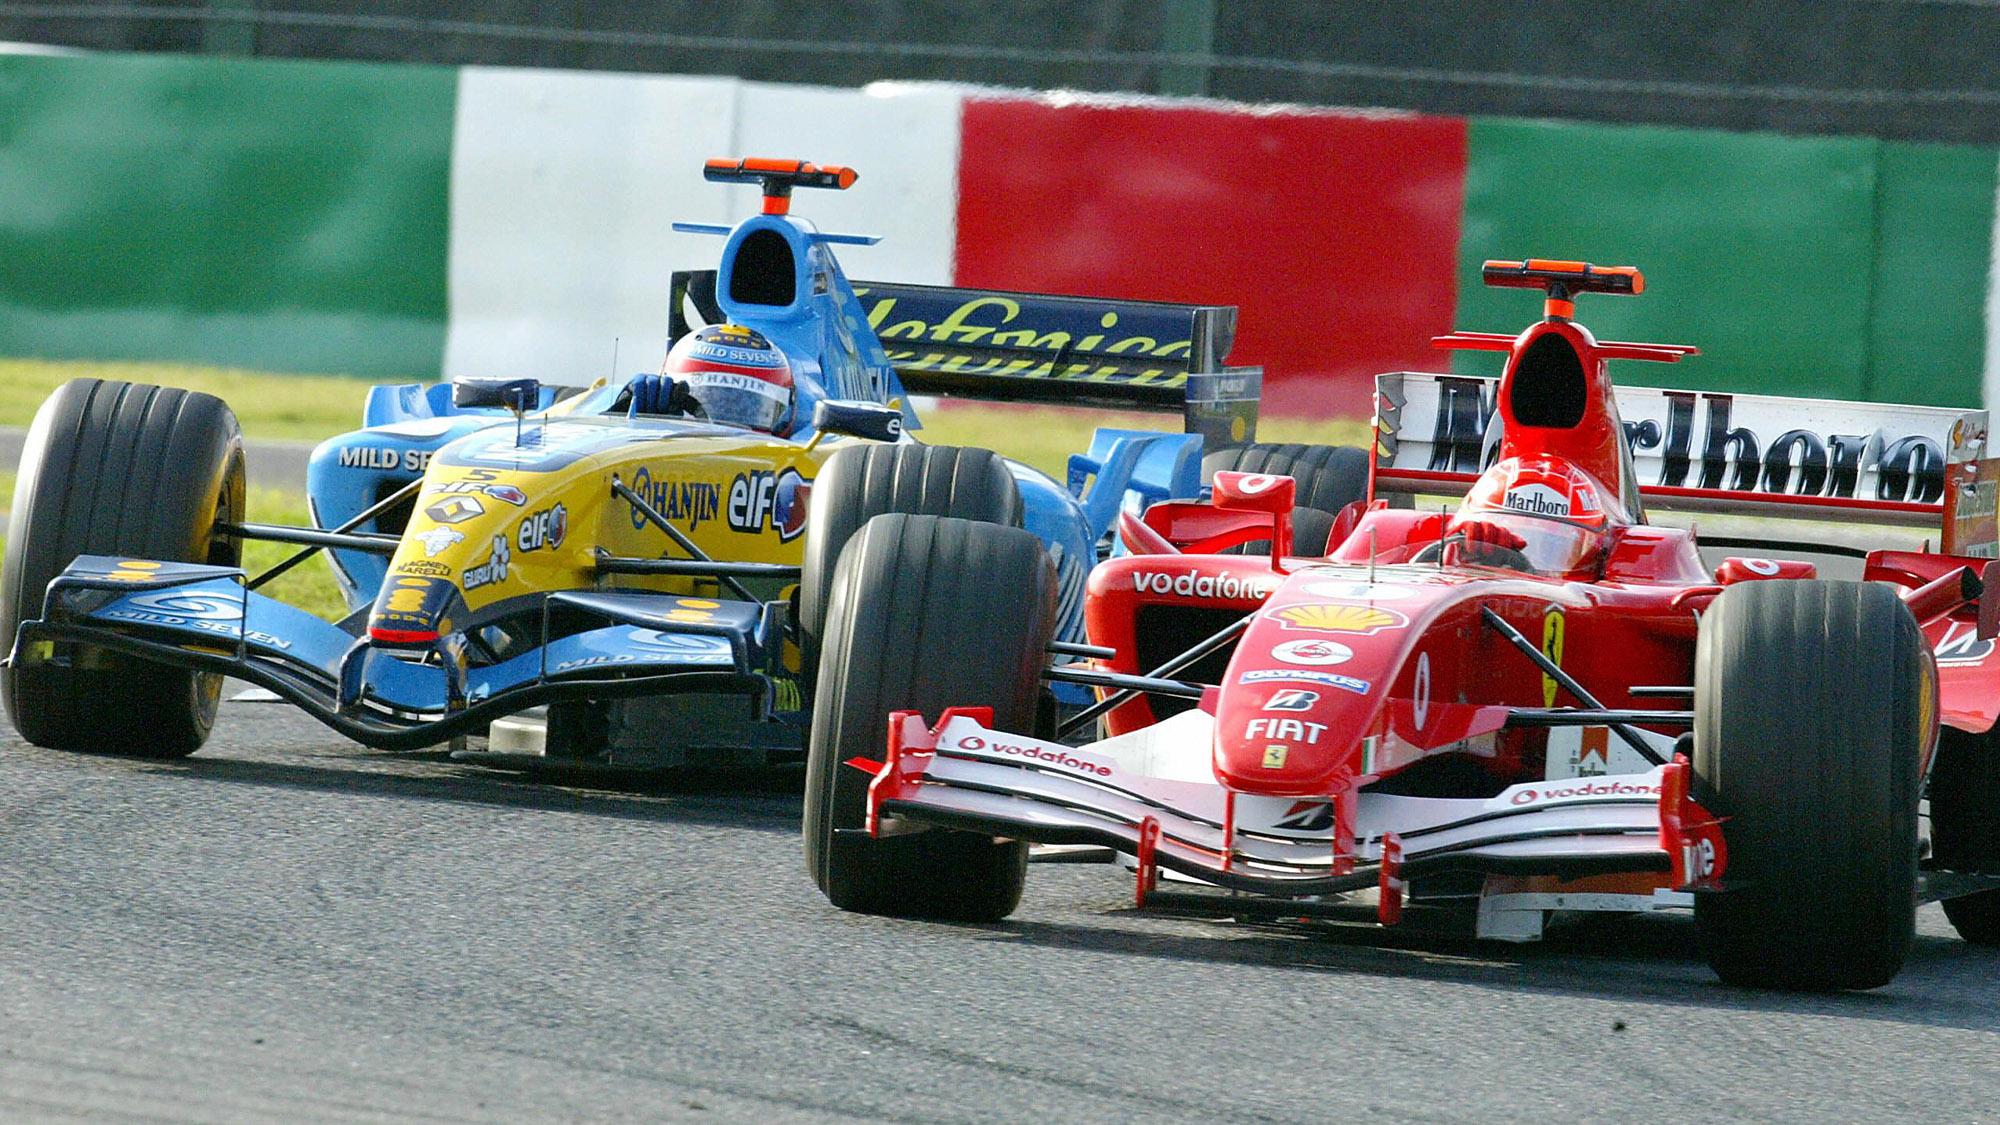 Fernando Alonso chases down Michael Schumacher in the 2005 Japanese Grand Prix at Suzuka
* * *
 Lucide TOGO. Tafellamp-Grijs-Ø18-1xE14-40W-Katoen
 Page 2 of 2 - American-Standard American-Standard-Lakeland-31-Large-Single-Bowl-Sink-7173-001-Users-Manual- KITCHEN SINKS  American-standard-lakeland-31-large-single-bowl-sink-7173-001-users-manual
---
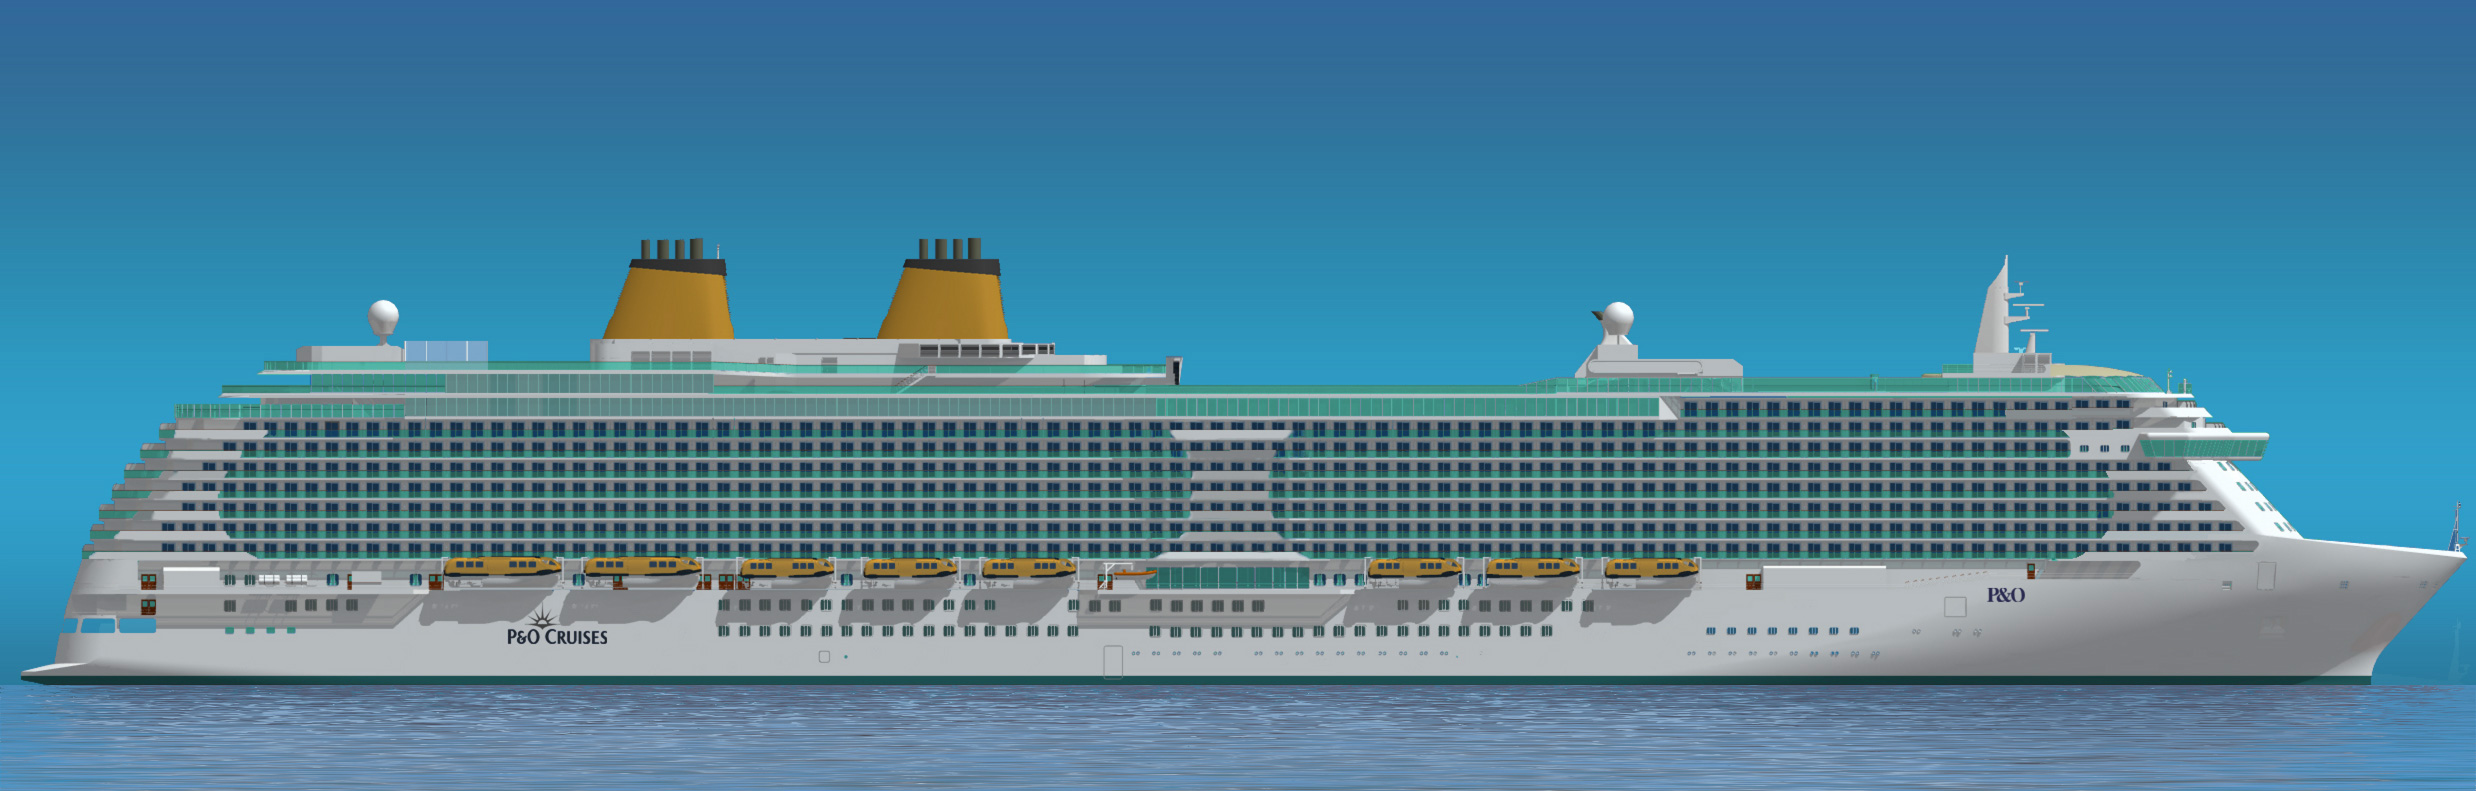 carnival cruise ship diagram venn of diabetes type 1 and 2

◆ **Exercise objective**
Reproduce the lines of the entries above from the one with "Lucide TOGO. Tafellamp-Grijs-Ø18-1xE14-40W-Katoen" to the one with "Page 2 of 2", both included, exactly and without any other line.

◆ **Result of this task**
 Lucide TOGO. Tafellamp-Grijs-Ø18-1xE14-40W-Katoen
 Page 2 of 2 - American-Standard American-Standard-Lakeland-31-Large-Single-Bowl-Sink-7173-001-Users-Manual- KITCHEN SINKS  American-standard-lakeland-31-large-single-bowl-sink-7173-001-users-manual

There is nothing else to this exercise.